The tax benefits on retirement contributions and the tax free growth, the fact that pension income benefits are taxed has led people to question whether saving in a retirement fund really is better than making your own retirement savings arrangements with after-tax earnings.
One of the main ways the government encourages people to save for retirement is to offer tax deductions on saving in an approved retirement fund. While this tax relief can be helpful when you’re working and contributing to a retirement savings fund, the benefits you eventually receive from your retirement fund when you stop working are still taxed.
To help South Africans make informed retirement saving decisions, Old Mutual Corporate Consultants conducted an investigation into how tax impacts retirement outcomes. The analysis aimed to compare the tax impact of various vehicles to save for retirement. The three vehicles considered were a retirement fund, discretionary savings (that is using after-tax income), and a tax-free savings account (TFSA).
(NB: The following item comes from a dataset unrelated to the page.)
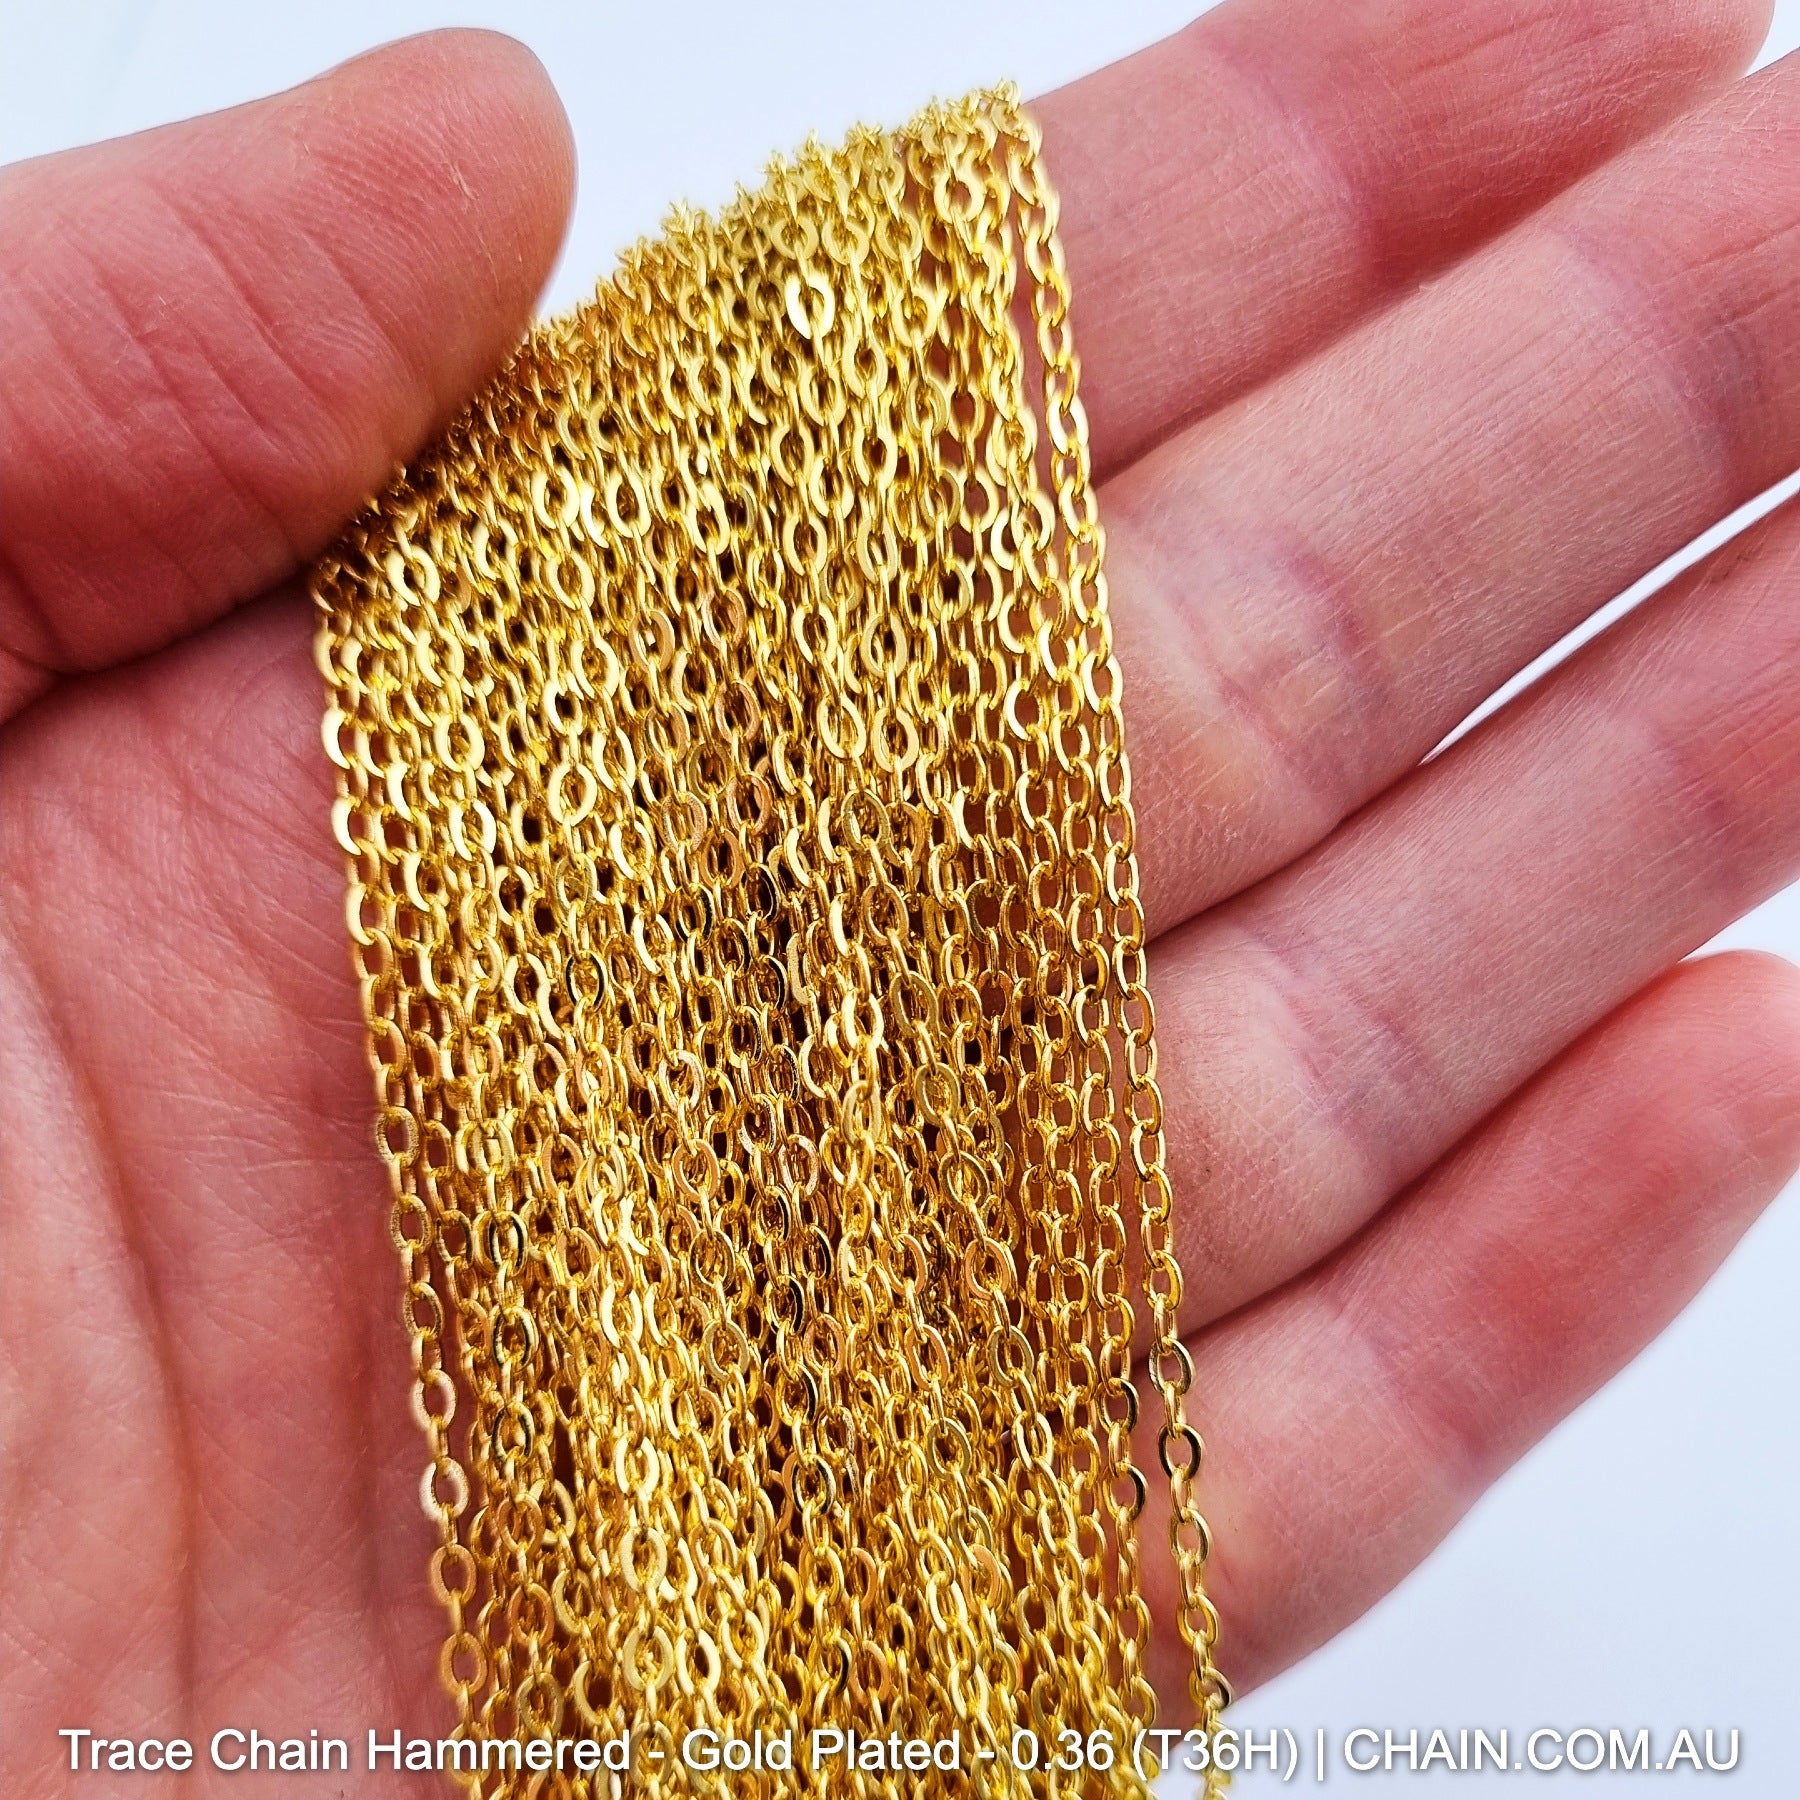 Hammered Trace Chain in a Gold Plated Finish. Size: 0.36mm, T36H. Jewellery Chain, Australia wide shipping. Shop chain.com.au
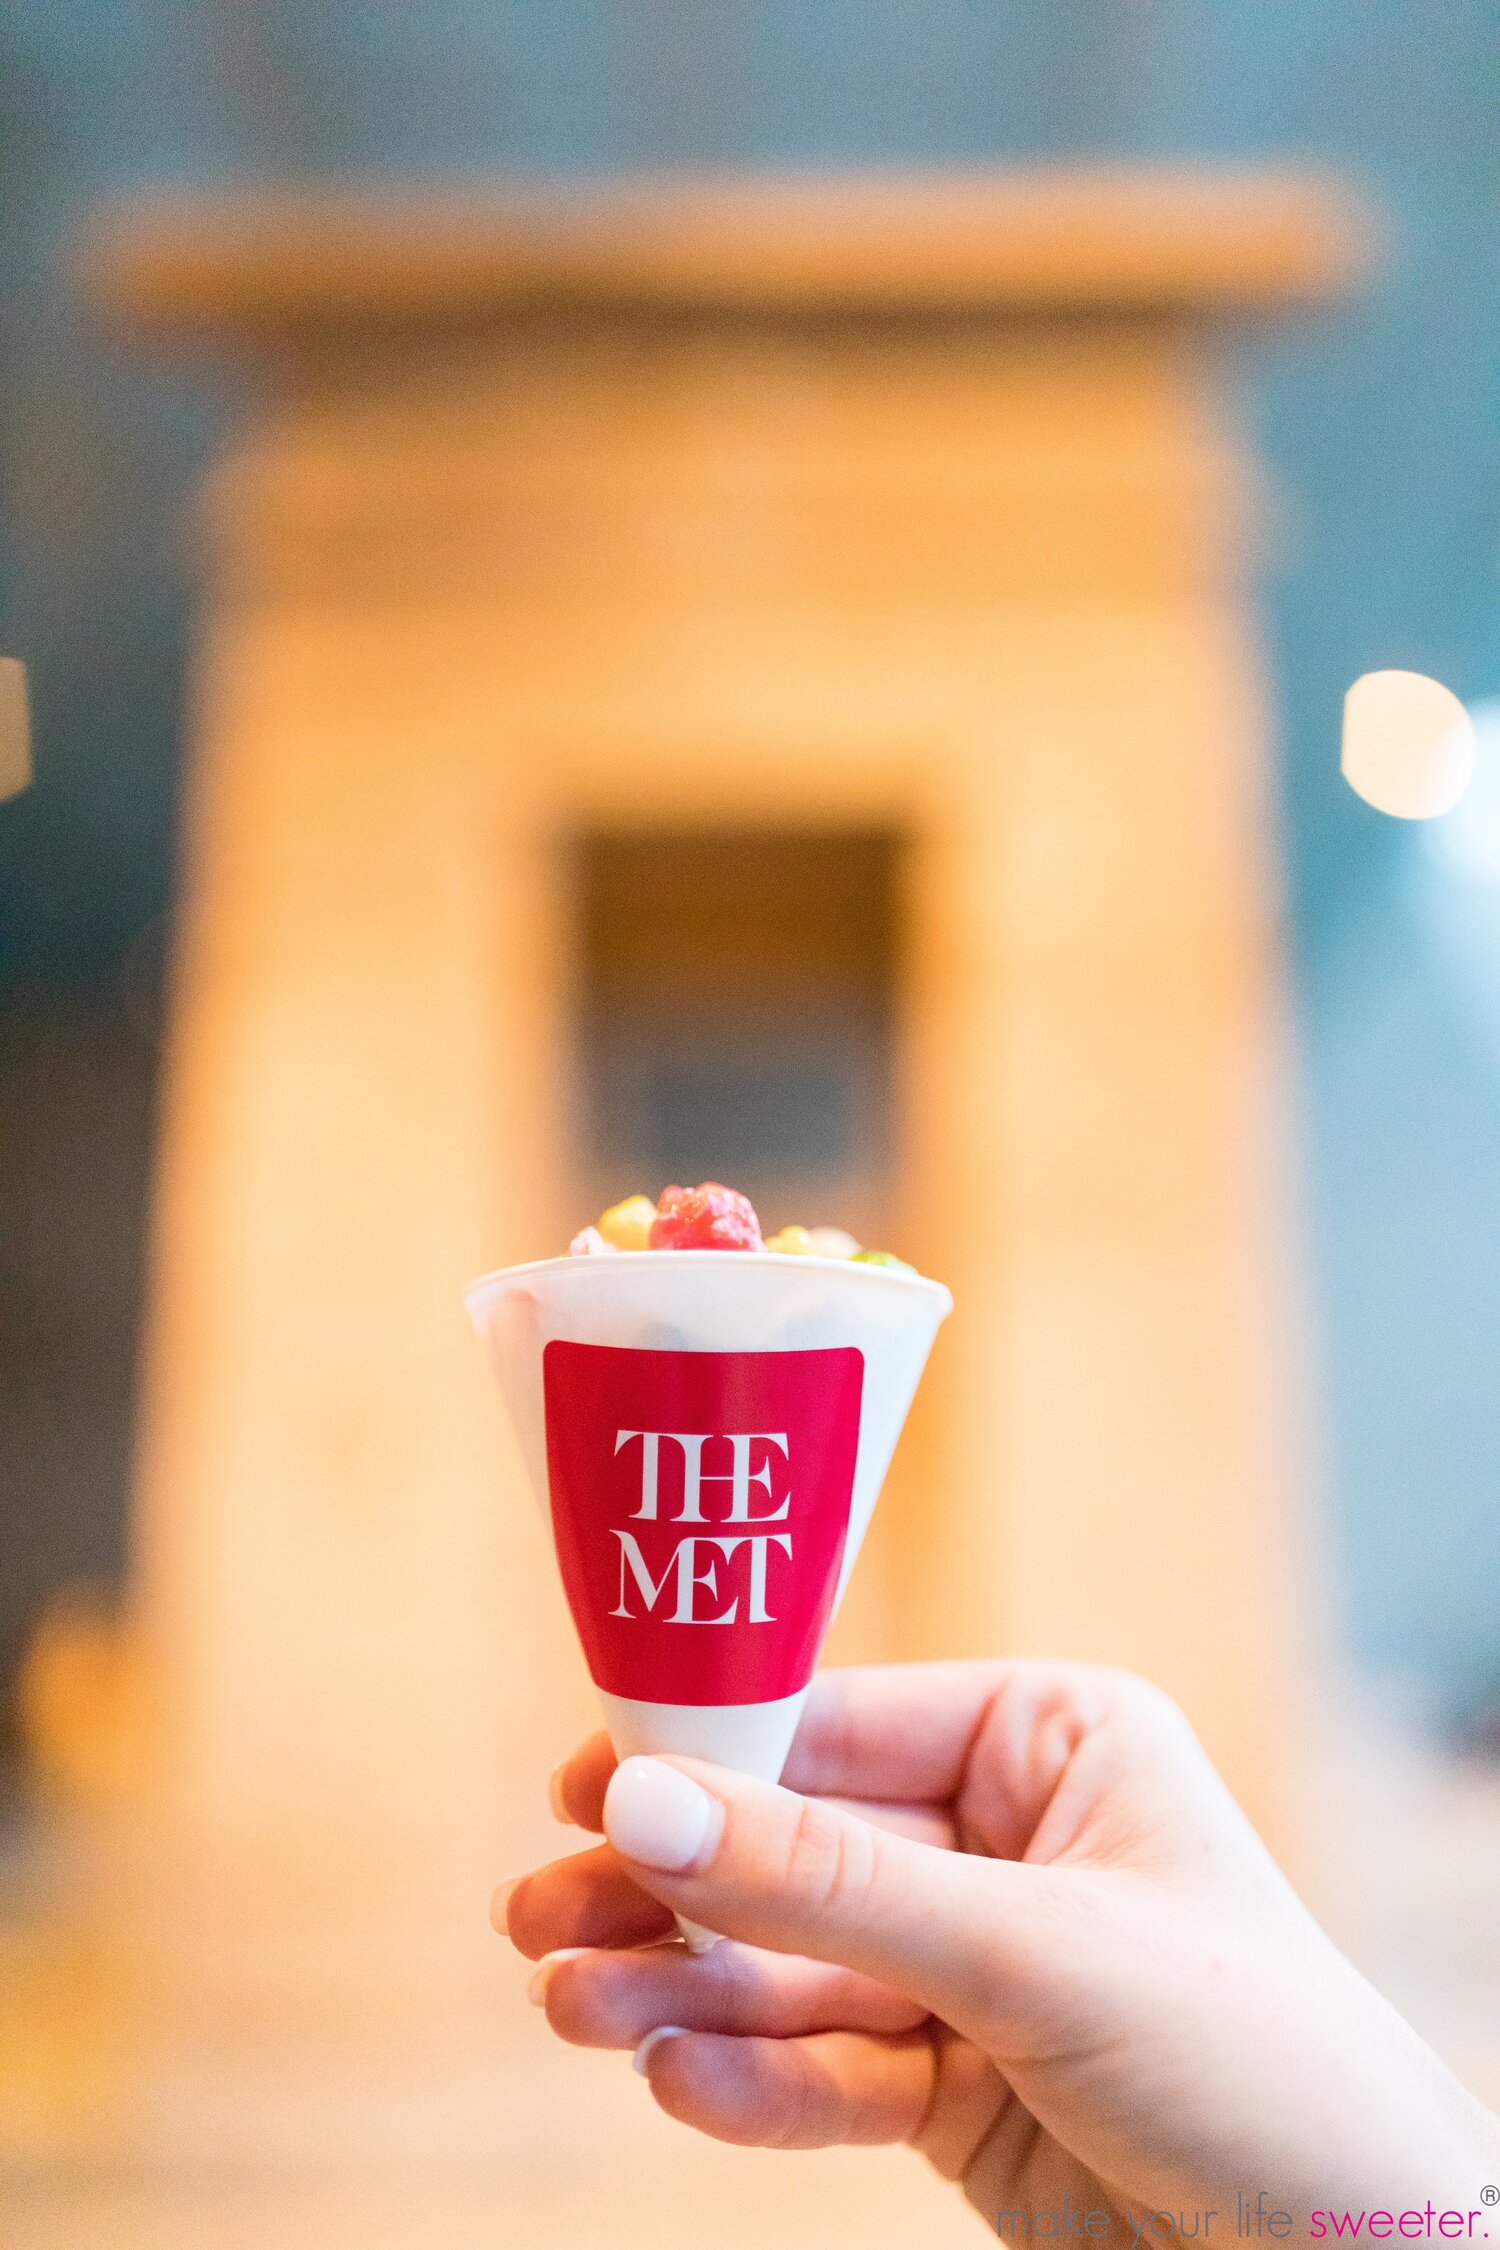 Super cute customized Hotpoppin cones for THE MET!

Five scenarios (using different combinations of these three vehicles) were compared:
Scenario 1: Discretionary savings only (Discretionary)
Scenario 2: Discretionary savings, but including saving in a TFSA (Discretionary TFSA)
Scenario 3: Saving in an approved retirement vehicle (Retirement)
Scenario 4: Saving in an approved retirement vehicle and also reinvesting any tax savings on a discretionary basis (Retirement Plus)
Scenario 5: Saving in an approved retirement vehicle, and reinvesting any tax savings in a TFSA as well as in a discretionary vehicle (Retirement Plus TFSA)
The analysis also considered different levels of income.
Three levels of pre-tax income were compared: R20000 a month, R60000 a month and R120000 a month.
In all five scenarios, and across all three income levels, the full impact of tax was modelled to compare the impact over the lifetime of an individual.
The analysis provided some valuable insights. As expected, it shows that the Retirement scenario (Scenario 3) provides the best outcome in terms of income after tax, both before and during retirement. The difference is significant. Based on the same level of take-home pay before retirement, the Retirement scenario provides an after-tax pension that is just over double the income under the Discretionary scenario (Scenario 1).
By contrast, the Discretionary scenario provides the worst retirement outcome across all three income levels. This is because the additional tax being paid on your salary, due to not benefiting from retirement contribution tax deductions, leaves little money over to make a substantial post-tax contribution to discretionary retirement savings.
Although the Retirement Plus scenario (Scenario 4) also produces a much better outcome than the Discretionary scenario, it still did not quite match up to the pure Retirement scenario. For a person earning a R60000 a month gross salary, the Retirement Plus scenario provides an after-tax pension that is 75% higher than under the Discretionary scenario, compared with an extra 102% in the Retirement scenario.
Introducing a TFSA does improve the outcomes of both the Discretionary TFSA (scenario 2) and the Retirement Plus TFSA (scenario 5), but they still fall short of the Retirement scenario (scenario 3). This is because the TFSAs only provide tax relief on growth and there are limits on contributions.
Andrew Davison is head of advice at Old Mutual Corporate Consultants.